Evaluators

An evaluator is a LLM agent that evaluates a Target on a test. Evaluators utilize foundation models directly on Amazon Bedrock. They do not make use of the Agents for Amazon Bedrock functionality.

Evaluation workflow

The diagram below depicts the workflow that is conducted during evaluation.

graph TD
  classDef nodeText font-size:10pt;
  A((Start)) --> B{Initial<br>prompt?}
  B -->|yes| C(Invoke agent)
  B -->|no| D(Generate initial prompt)
  D --> C
  C --> E(Get test status)
  E --> F{All steps<br>attempted?}  
  F --> |yes| G(Evaluate conversation)
  F --> |no| H{Max turns<br>reached?}
  H --> |yes| I(Fail)
  H --> |no| J(Generate user response)
  J --> C
  G --> K{All expected<br>results<br>observed?}
  K --> |yes| L(Pass)
  K --> |no| I(Fail)
  I --> M((End))
  L --> M
  class A,B,C,D,E,F,G,H,I,J,K,L,M nodeText;
  style I stroke:#f00
  style L stroke:#0f0

Evaluator costs

By default, evaluators will utilize the InvokeModel API with On-Demand mode, which will incur AWS charges based on input tokens processed and output tokens generated. You can find the latest pricing details for Amazon Bedrock here.

The cost of running an evaluator for a single test is influenced by the following:

The number and length of the steps.
The number and length of expected results.
The length of the target agent's responses.

You can view the total number of input tokens processed and output tokens generated by the evaluator using --verbose flag when you perform a run (agenteval run --verbose).

Note

If you have purchased Provisioned Throughput model units for the model used to run evaluation, you can specify this resource using the provisioned_throughput_arn configuration.

Example

Let's use this Amazon Bedrock agent as a target we want to test.

For the following test case:

agenteval.yml

tests:
  retrieve_missing_documents:
    steps:
    - Ask agent for a list of missing documents for claim-006.
    expected_results:
    - The agent returns a list of missing documents.
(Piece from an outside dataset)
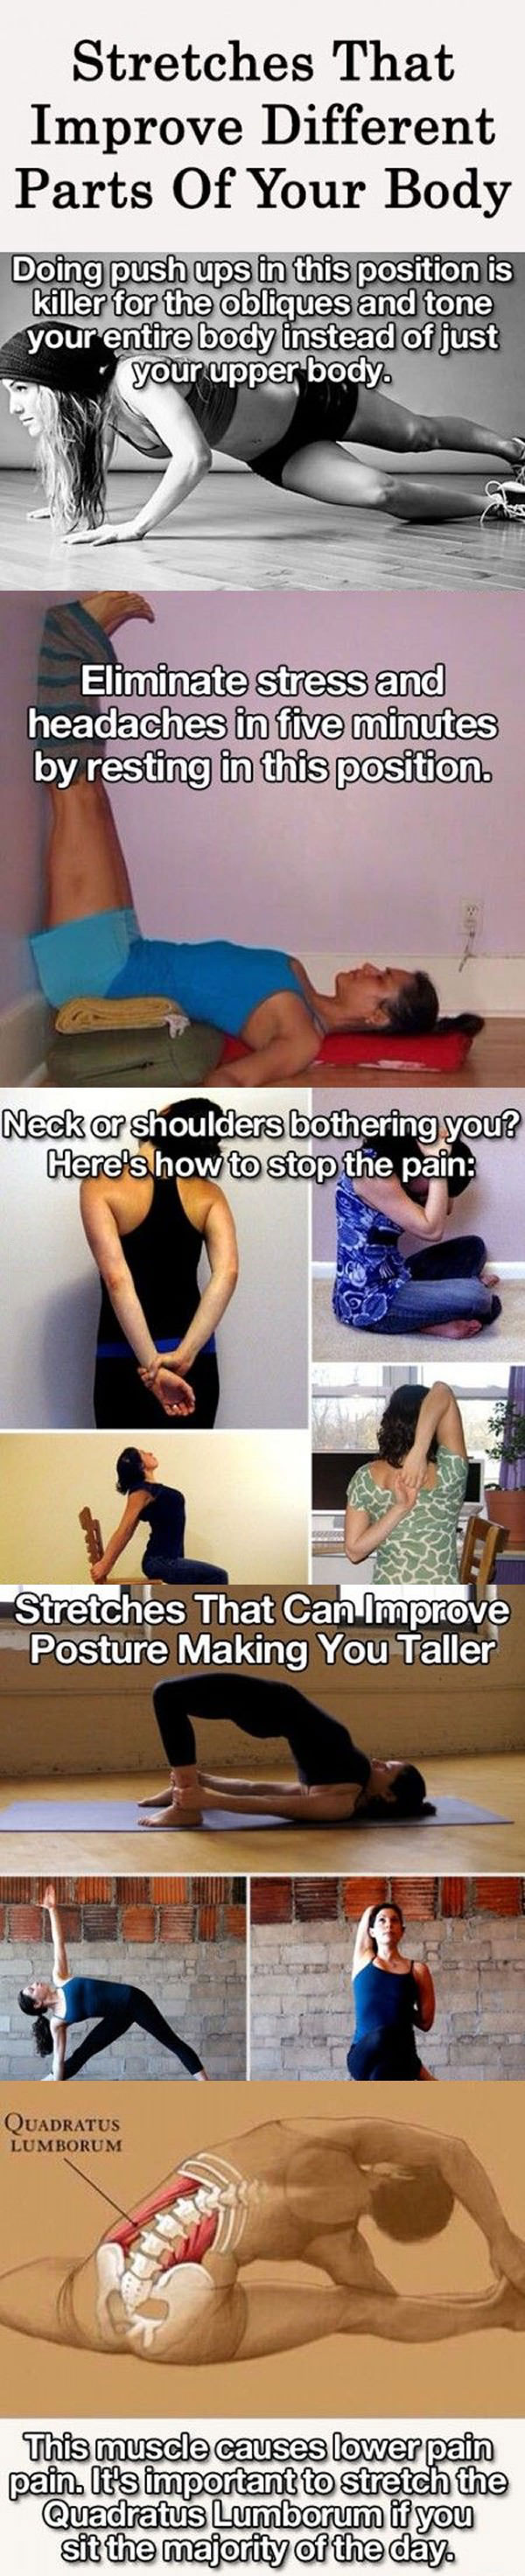 types of stretches that improve different parts of your body

We find that on average, the evaluator processes ~583 input tokens and generates ~290 output tokens.

Prerequisites

The principal must have InvokeModel to the model specified in the configuration.

Configurations

Info

This project uses Boto3's credential resolution chain to determine the AWS credentials to use. Please refer to the Boto3 documentation for more details.

agenteval.yml

evaluator:
  model: claude-3
  provisioned_throughput_arn: my-throughput-arn
  aws_profile: my-profile
  aws_region: us-west-2
  endpoint_url: my-endpoint-url
  max_retry: 10

model (string)

Name of the model used to run evaluation. This must be one of:

claude-3 (Claude 3 Sonnet)
claude-3_5 (Claude 3.5 Sonnet)
claude-3_7-us (Claude 3.7 Sonnet)
claude-haiku-3_5-us (Claude 3.5 Haiku)
llama-3_3-us (Llama 3.3 70B)

The models suffixed with `-us` are using default USA cross region inference profile. Bedrock cross region documentation link.

custom-config (dict; optional)

A valid combination with keys model_id and request_body specifying which foundation model with what configuration to invoke Bedrock. See Bedrock documentation or the default configurations in src/agenteval/evaluators/model_config/preconfigured_model_configs.py. Currently, only Meta and Anthropic models are supported.

provisioned_throughput_arn (string; optional)

The Amazon Resource Name (ARN) of the Provisioned Throughput.

aws_profile (string; optional)

A profile name that is used to create a Boto3 session.

aws_region (string; optional)

The AWS region that is used to create a Boto3 session.

endpoint_url (string; optional)

The endpoint URL for the AWS service which is used to construct the Boto3 client.

max_retry (integer; optional)

Configures the Boto3 client with the maximum number of retry attempts allowed. The default is 10.